Интерпретация его поведения как вопроса ко мне, могу ли я видеть его внутреннюю дилемму, дала еще одно свидетельство таланта пациента к самонаблюдению, и снова появилась возможность идти дальше. Он сказал, что находится один на один с этими проблемами. Даже его жена не могла понять их по-настоящему. Он просто не мог принимать решения. В этот момент, когда проблема его амбивалентности была отчетливо вербализована, я попытался продемонстрировать ему, как сначала она была эго-дистонной, что было связано с его недостаточным пониманием себя. Обращаясь к тому, как началась психоаналитическая консультация, я спросил его, может ли быть, что ему трудно принимать решения, например, поговорить ли со мной, потому, что он чувствовал, что тогда должен расстаться с чем-то, что в то же время было важно для него. Он посмотрел на меня с удивлением, явно растроганный, и ответил, что это всегда было так, начиная с 13 лет. Тогда он должен был бороться за выживание и решать все сам – или вместе с двумя братьями, один из которых был на год старше, а второй - на 4 года младше, – потому что его мать была насильно увезена русскими, а отец был на войне. В этот момент, явно с глубокими чувствами, но изо всех сил пытаясь контролировать себя, он описал, как они жили. Соседи много помогали им, но в конце концов они втроем оставались сами по себе. Они никогда больше не видели свою мать. Через 10 лет стало известно, что она умерла вскоре после того, как ее вывезли. Только годы спустя они снова увидели своего отца. Он подробно рассказывал об этом, борясь за контроль, и в конце концов возразил, что все это было так давно.

Опять проявилось защитное движение, описанное выше. Я был глубоко тронут его историей. Я понял из нее, что с помощью делегирования он защищался от разрушителного переполнения (being overwhelmed) своими чувствами и фантазиями. Мне казалось, что путем делегирования он снова и снова искал свою мать в других людях, потому что считал свою беспомощность непереносимой, а свое разочарование, гнев и ненависть к матери, русским и отсутствующему отцу убийственными, ведь в то время это, действительно, было вопросом жизни или смерти.

Я отметил для него эту защиту, сказав, что начал понимать ее теперь лучше. Это было похоже на поиск им сочувствия. Я интерпретировал далее, что во всех своих попытках преуспеть, в борьбе за выживание, в заинтересованности в достройке дома, даже здесь, при обследовании в клинике, и прямо сейчас, в разговоре, у него, по-видимому, всегда было чувство, что на самом-то деле он не способен справиться. Ему некуда было отступить. У него не было возможности расслабиться. В конце концов, несомненно, он потерял свою мать, которая могла бы защитить и утешить способного и почти взрослого мальчика, каким он тогда был. И если хотя бы его отец был там! Пациент залился слезами. В конце концов он смог сказать, что не помнит, когда в последний раз плакал.
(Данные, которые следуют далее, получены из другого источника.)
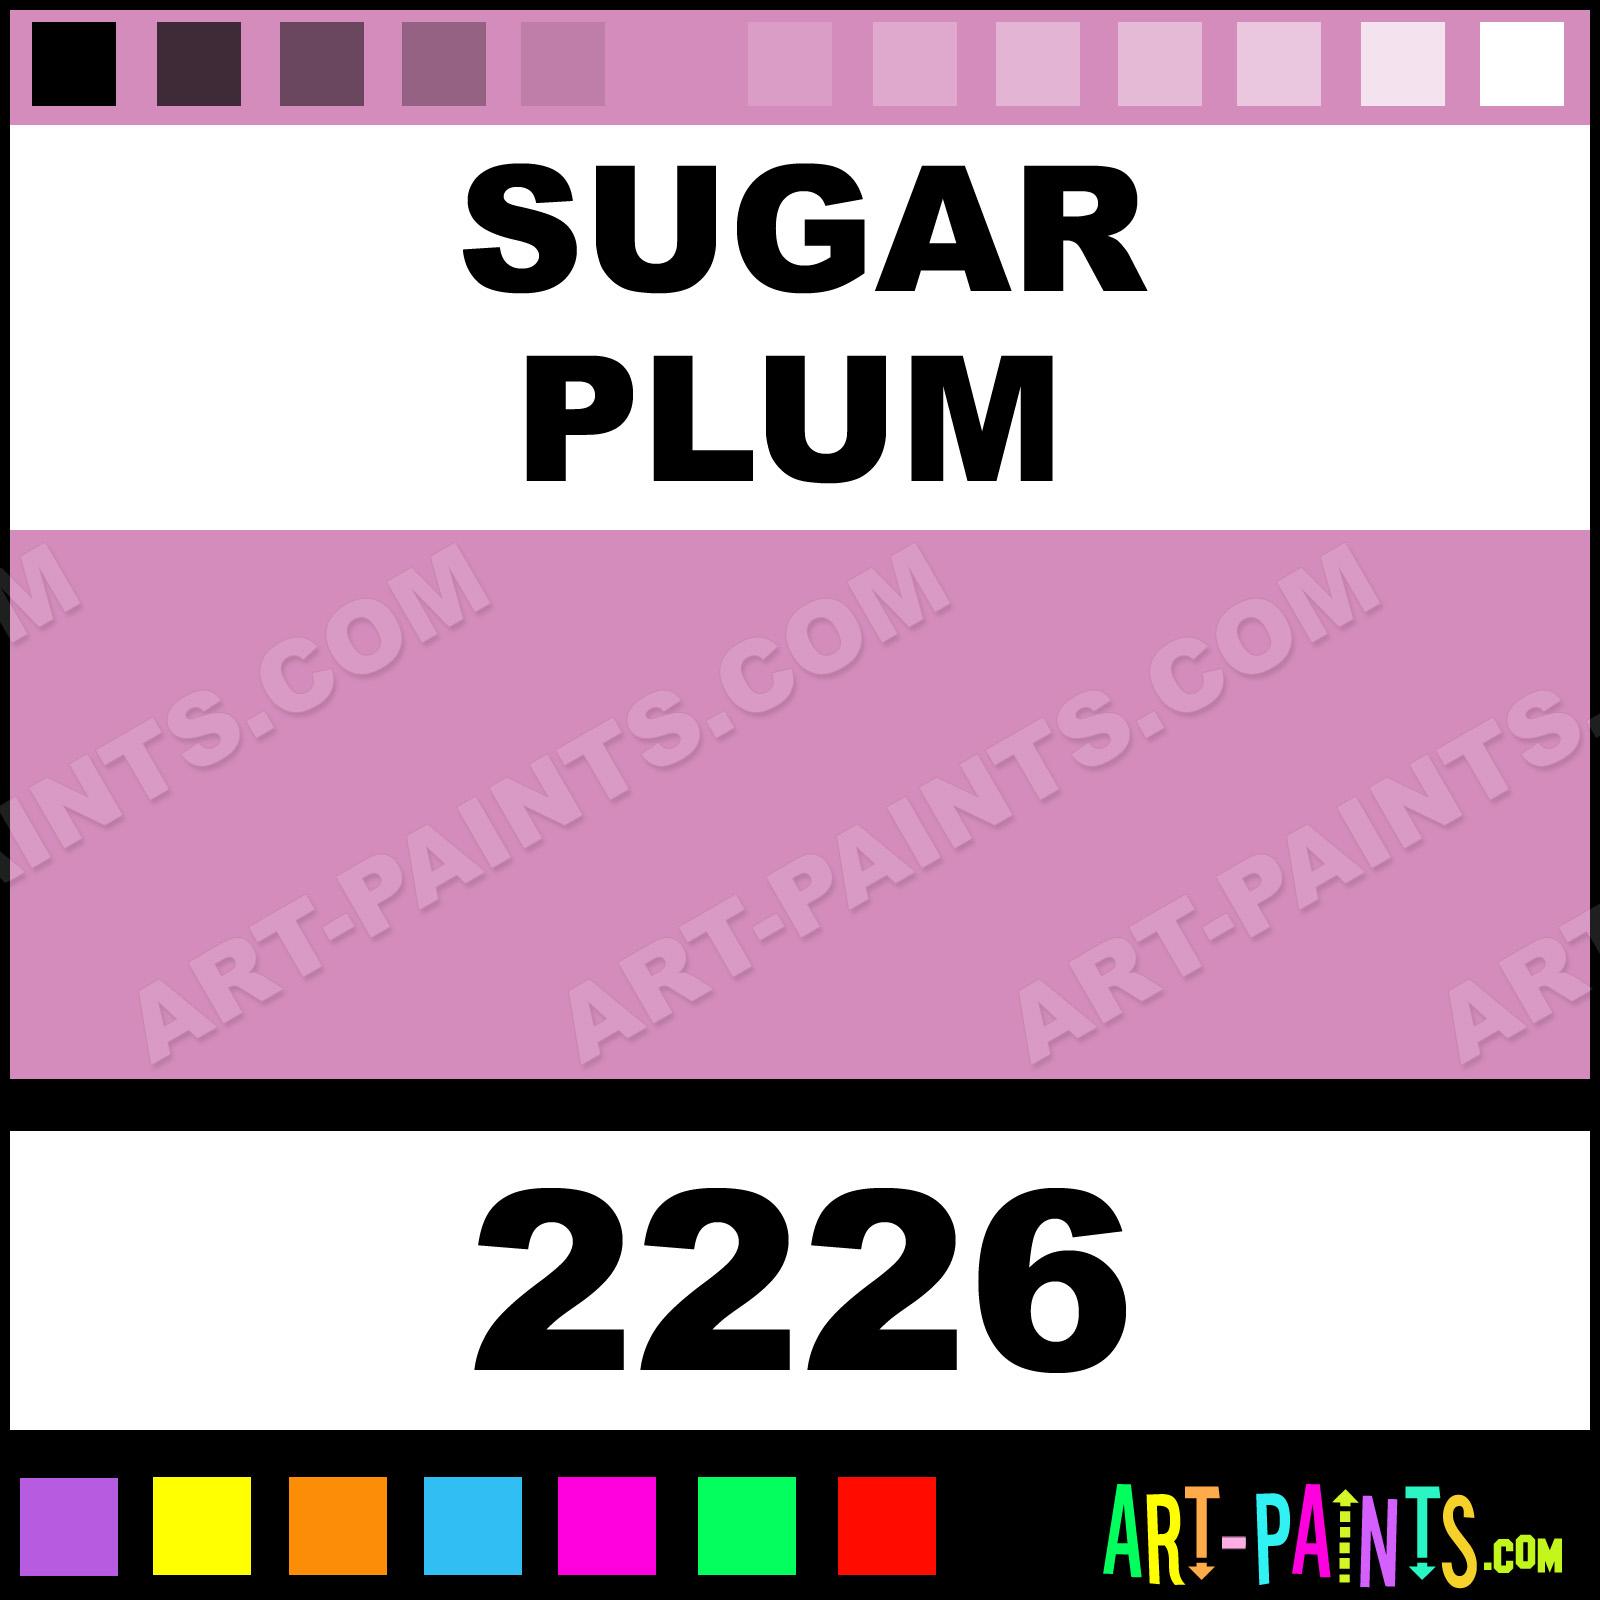 Folk art color chart acrylic paint - Sugar Plum Sugar Plum Paint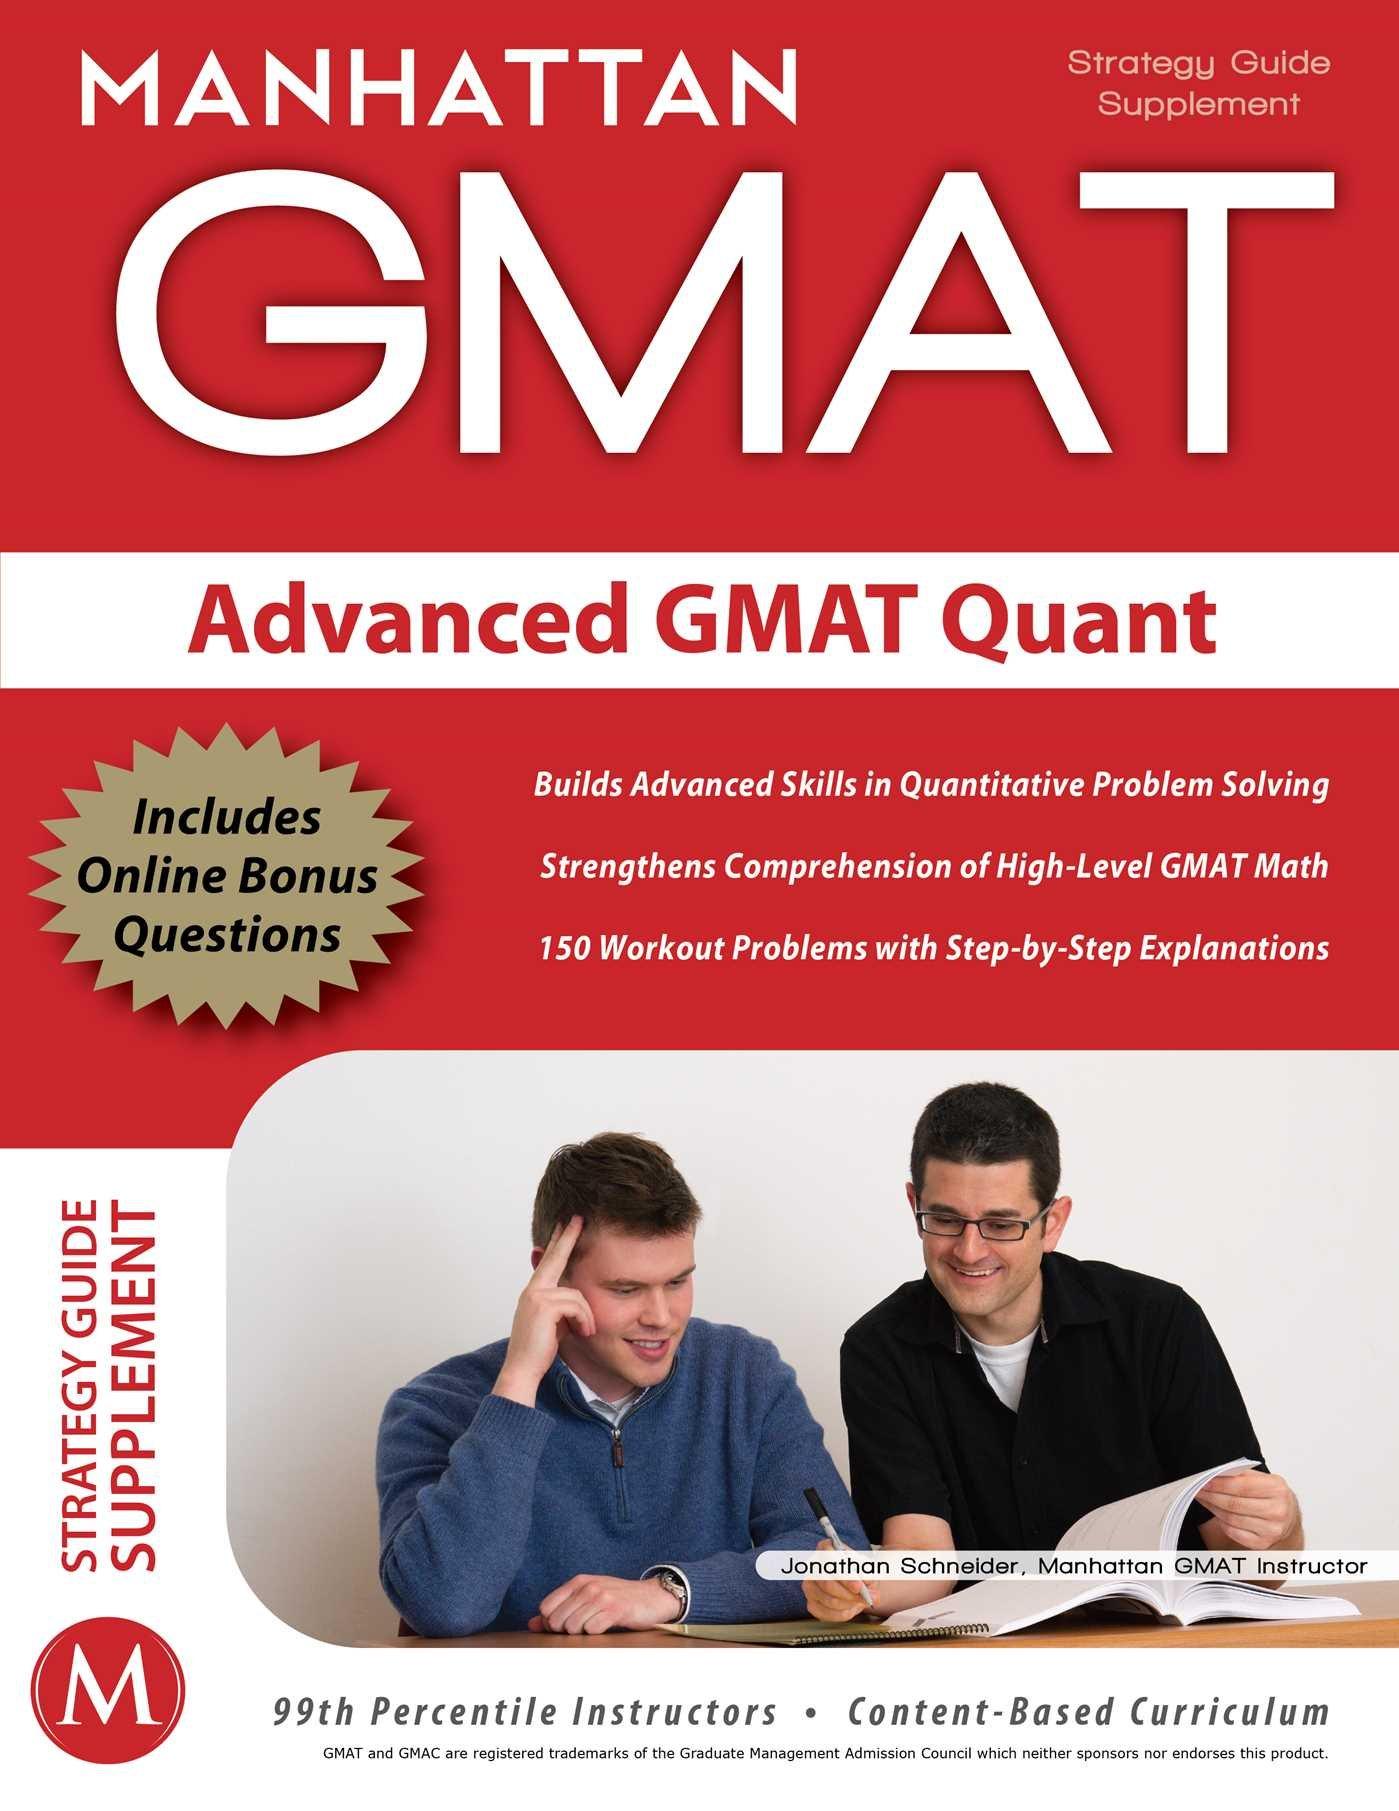 Advanced GMAT Quant (Gmat Strategy Guides): Amazon.co.uk: Manhattan Gmat:  9781935707158: Books

Когда разговор продолжился, пациент, переживая сильные эмоции и дистресс, пришел к осознанию того, насколько опыт потерь и разлук в прошлом оказывает на него влияние в настоящем. Он начал понимать, что возможное завершение дома оживило именно эти конфликты, потому что при этом он создавал дом, безопасность, и что-то материнское, что он утратил, когда мать была увезена. Мы стали понимать связь с его симптомами следующим образом: бессознательно он вновь столкнулся с потерей поддержки матери и отца, но воспринимал скорбь, боль и бессознательную вину как непреодолимые (overwhelming) и неконтролируемые. Мы оба чувствовали, что эта связь очевидна.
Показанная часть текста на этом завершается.